Checked glusterd on rhs-client11. Turns out the pmap signout hadn't happened for the, which had lead to the pmap registry containing stale entries. Because of the way the way the pmap registry is searched, glusterd is returning the stale, old port entry for the brick b1.

---- gdb output
(gdb) p $1.pmap
$2 = (struct pmap_registry *) 0x7f4168358010
(gdb) p *$2
$3 = {base_port = 49152, last_alloc = 49154, ports = {{type = GF_PMAP_PORT_FREE, brickname = 0x0, xprt = 0x0} <repeats 22 times>, {type = GF_PMAP_PORT_FOREIGN, brickname = 0x0, xprt = 0x0}, {type = GF_PMAP_PORT_FREE, brickname = 0x0,
      xprt = 0x0}, {type = GF_PMAP_PORT_FREE, brickname = 0x0, xprt = 0x0}, {type = GF_PMAP_PORT_FOREIGN, brickname = 0x0, xprt = 0x0}, {type = GF_PMAP_PORT_FREE, brickname = 0x0, xprt = 0x0} <repeats 85 times>, {
      type = GF_PMAP_PORT_FOREIGN, brickname = 0x0, xprt = 0x0}, {type = GF_PMAP_PORT_FREE, brickname = 0x0, xprt = 0x0} <repeats 908 times>, {type = GF_PMAP_PORT_FOREIGN, brickname = 0x0, xprt = 0x0}, {type = GF_PMAP_PORT_FOREIGN,
      brickname = 0x0, xprt = 0x0}, {type = GF_PMAP_PORT_FOREIGN, brickname = 0x0, xprt = 0x0}, {type = GF_PMAP_PORT_FOREIGN, brickname = 0x0, xprt = 0x0}, {type = GF_PMAP_PORT_FREE, brickname = 0x0, xprt = 0x0} <repeats 4642 times>, {
      type = GF_PMAP_PORT_FOREIGN, brickname = 0x0, xprt = 0x0}, {type = GF_PMAP_PORT_FREE, brickname = 0x0, xprt = 0x0} <repeats 18340 times>, {type = GF_PMAP_PORT_FOREIGN, brickname = 0x0, xprt = 0x0}, {type = GF_PMAP_PORT_FREE,
      brickname = 0x0, xprt = 0x0} <repeats 20559 times>, {type = GF_PMAP_PORT_FOREIGN, brickname = 0x0, xprt = 0x0}, {type = GF_PMAP_PORT_FREE, brickname = 0x0, xprt = 0x0} <repeats 4584 times>, {type = GF_PMAP_PORT_BRICKSERVER,
      brickname = 0x1fe4880 "/rhs/device0/b1", xprt = 0x1fd2e80}, {type = GF_PMAP_PORT_BRICKSERVER, brickname = 0x1fdc3c0 "/rhs/device0/b1_replaced", xprt = 0x1fd4400}, {type = GF_PMAP_PORT_BRICKSERVER,
      brickname = 0x1fceae0 "/rhs/device0/b1", xprt = 0x1fd4400}, {type = GF_PMAP_PORT_FREE, brickname = 0x0, xprt = 0x0} <repeats 16381 times>}}
(gdb)
----

As can be seen in the gdb output above, in the pmap.ports table, there are 2 entries for '/rhs/device0/b1'. The sequence of replace-brick commands, b1 -> b1_replaced -> b1, and the apparent failure of pmap_signout to happen have lead to this situation.

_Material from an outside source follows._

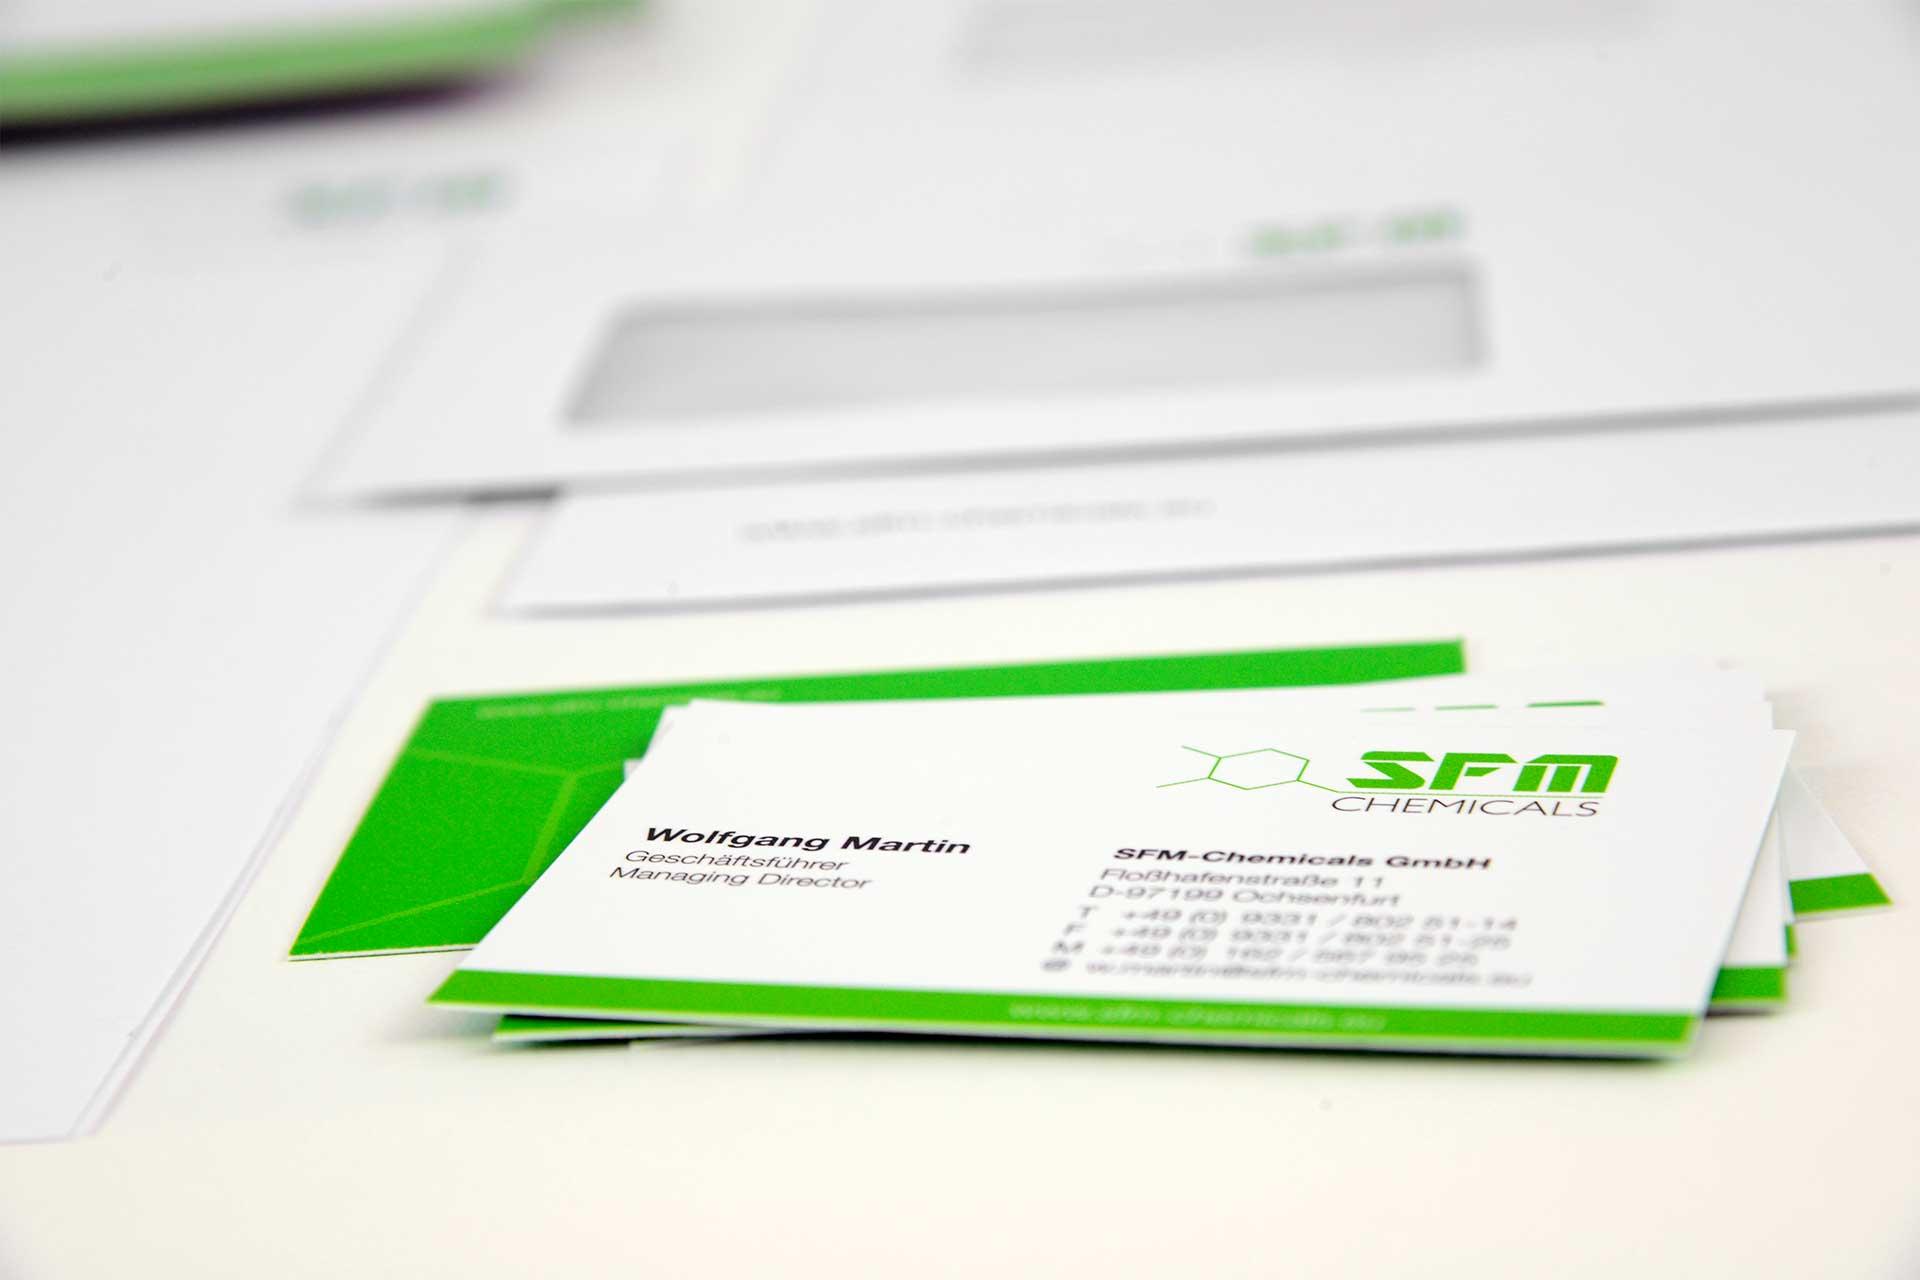 vorndran-Marketing-Randersacker-Wuerzburg-GeschaeftsdrucksacheSFM-Chemicals

Comment 1 Joe Julian 2015-11-15 16:35:14 UTC

I suspect that this bug could also be avoided if we captured a replace-brick where the source is the same as the destination in the cli and suggested simply "start ... force" instead.

Comment 2 Niels de Vos 2016-06-17 15:58:30 UTC

This bug is getting closed because the 3.5 is marked End-Of-Life. There will be no further updates to this version. Please open a new bug against a version that still receives bugfixes if you are still facing this issue in a more current release.